A sense of the uncanny hovers over The Delivery. Did the narrator’s estranged mother arrive in the box, shipped like rotting fruit from Colombia? Or is she a ghostly projection of the narrator’s unconscious? García Robayo plays lightly with this mystery, using it to sustain the reader’s interest but never insisting on solving it. This hesitation between supernatural and psychological explanations for otherwise impossible events marks The Delivery as belonging to that narrow genre that the literary critic Tzvetan Todorov described in his study The Fantastic:

The fantastic occupies the duration of this uncertainty. Once we choose one answer or the other, we leave the fantastic for a neighboring genre, the uncanny or the marvelous.

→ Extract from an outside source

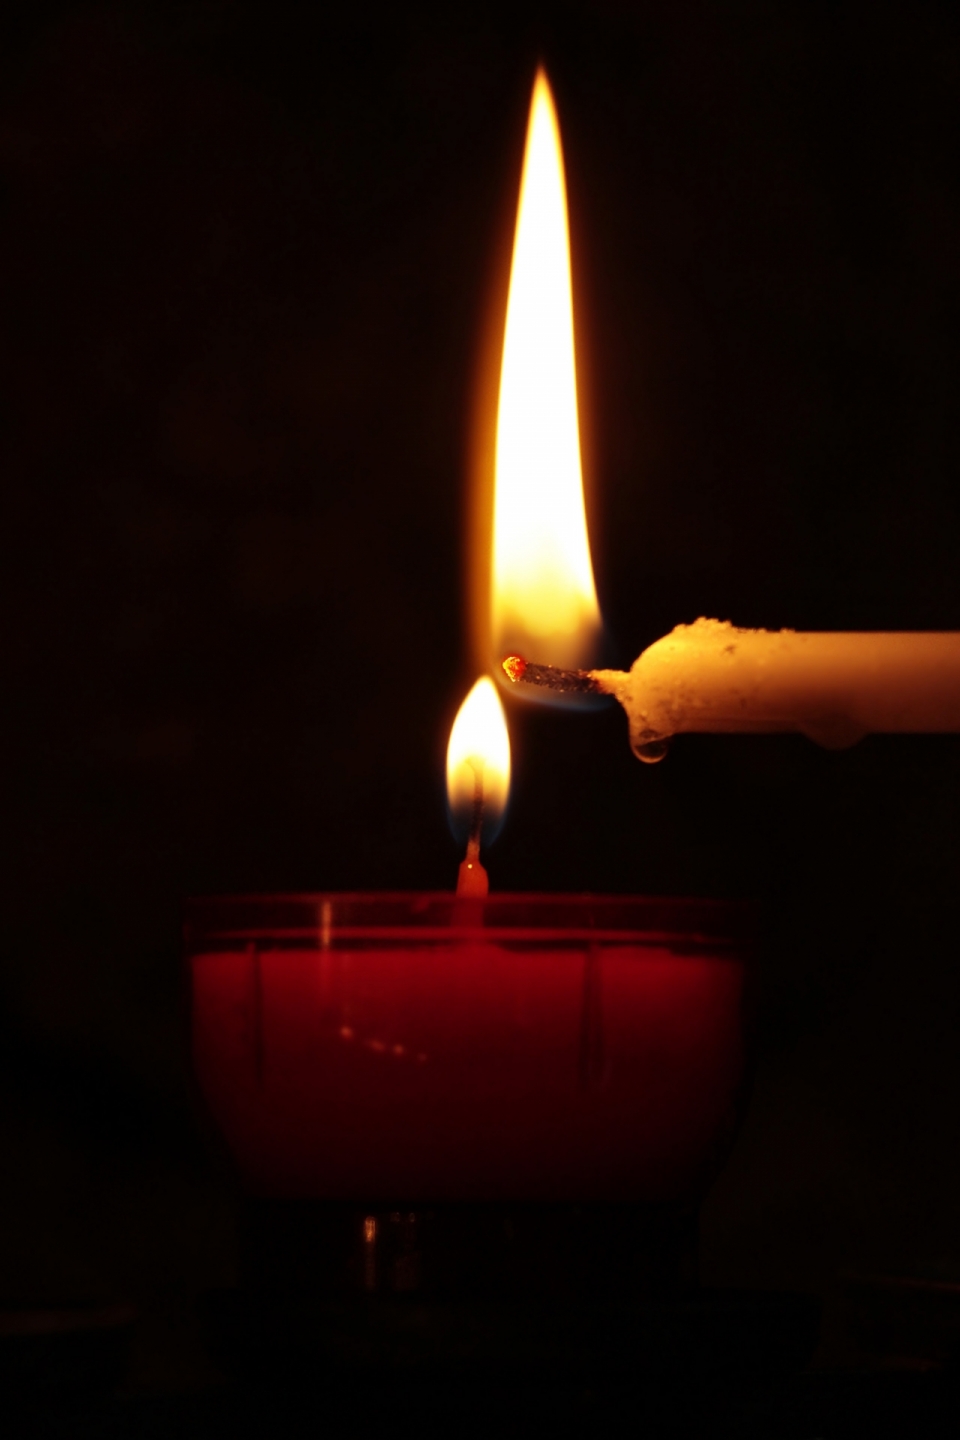 黑色背景下白色蜡烛点燃了红色蜡烛

The fantastic is that hesitation experienced by a person who knows only the laws of nature, confronting an apparently supernatural event.

Readers are likely to lean toward a psychological explanation, but the narrator’s own disinterest in solving this mystery suggests that for García Robayo, the real question is not how but why the mother has appeared at this moment in time.

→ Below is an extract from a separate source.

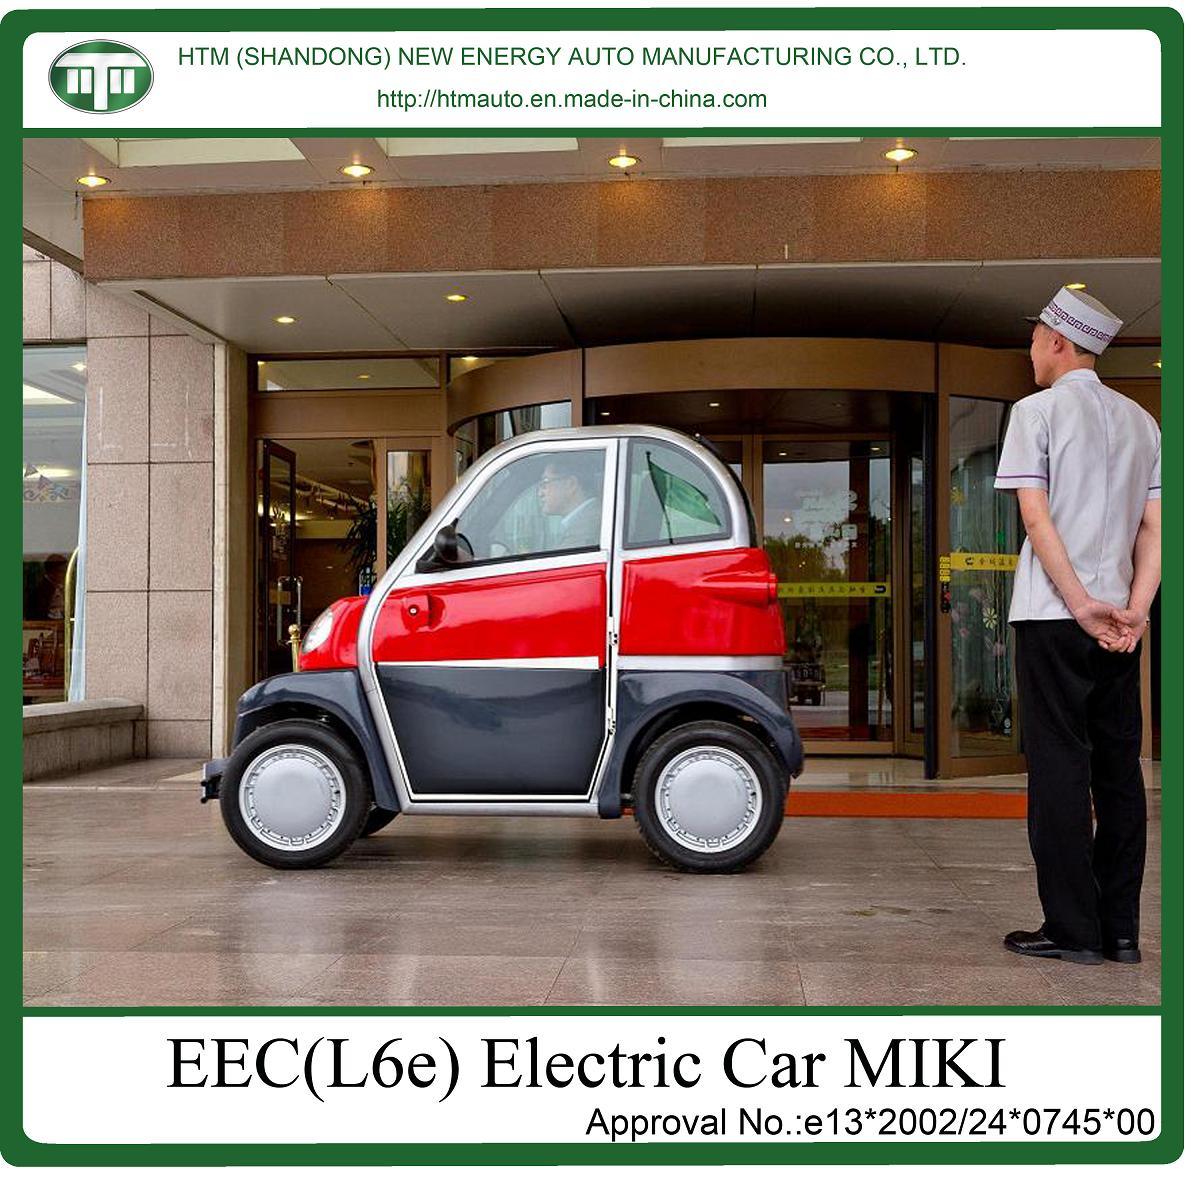 EEC Electric Cars (l6e)

The narrator is abrasive toward her neighbors and distant toward her boyfriend, Axel. Glimpses of a possible caregiving inclination appear when she is tasked with babysitting the twelve-year-old son of one of her downstairs’ neighbors. She also befriends a stray cat who lives in her apartment building and who has a tendency to disappear and reappear when least expected.

The narrator appears insecure about her status as a single, unmarried woman who has devoted her life to writing instead of to family, like her sister. She suspects there is something monstrous about her nature, imagining her thoughts as worms that might burst through her skull:

I imagine my head as home to long worms that bang against the walls; worms that grow, slow and immense; worms that coil up as they grow so they can take up more and more space. I’ve left them there for years, hoping that time would roll over and squash them. But time has only been a stimulant. One day I’ll have worms sprouting from my head like a medusa.

Medusa is a classic symbol of destructive female power; by directing the male gaze back on itself, she turns men to stone. This sense of fraught femininity haunts the narrator, as if she is trying to decide if she is a monster or just a regular woman. The narrator of The Delivery begins the novel feeling and acting like a monster. Will this uncanny encounter with her mother heal her primal wound, freeing her perhaps to occupy the motherhood role?

For the English-language reader, this imagery might call to mind the oft-cited concept of the “art monster” from Jenny Offill’s 2014 novel Dept. of Speculation:

My plan was to never get married. I was going to be an art monster instead. Women almost never become art monsters because art monsters only concern themselves with art, never mundane things.

As the writer Claire Dederer has noted, not having children is often all it takes for a woman to be conceived of as monstrous. The Delivery thus feels like it is in conversation with a number of recent literary works, fiction and nonfiction, in English and Spanish, in which motherhood and artistic production are assumed to be inherently contradictory acts. I’m thinking of Maggie Nelson’s The Argonauts, Rachel Yoder’s Nightbitch, Sheila Heti’s Motherhood, and Jazmina Barrera’s Linea Nigra. As in many of those works, The Delivery suggests the possibility of reconciling these acts of creation, while leaving plenty of room for uncertainty. At the same time, The Delivery manages to feel strikingly original, as if García Robayo has succeeded in finding her own uncanny language for exploring these very old questions.


Kat Solomon is a writer living in the Boston area. Her reviews and criticism have appeared in Chicago Review of Books and on the Ploughshares blog. Her short fiction has been selected for Best Small Fictions 2022 and has been longlisted for The Wigleaf Top 50.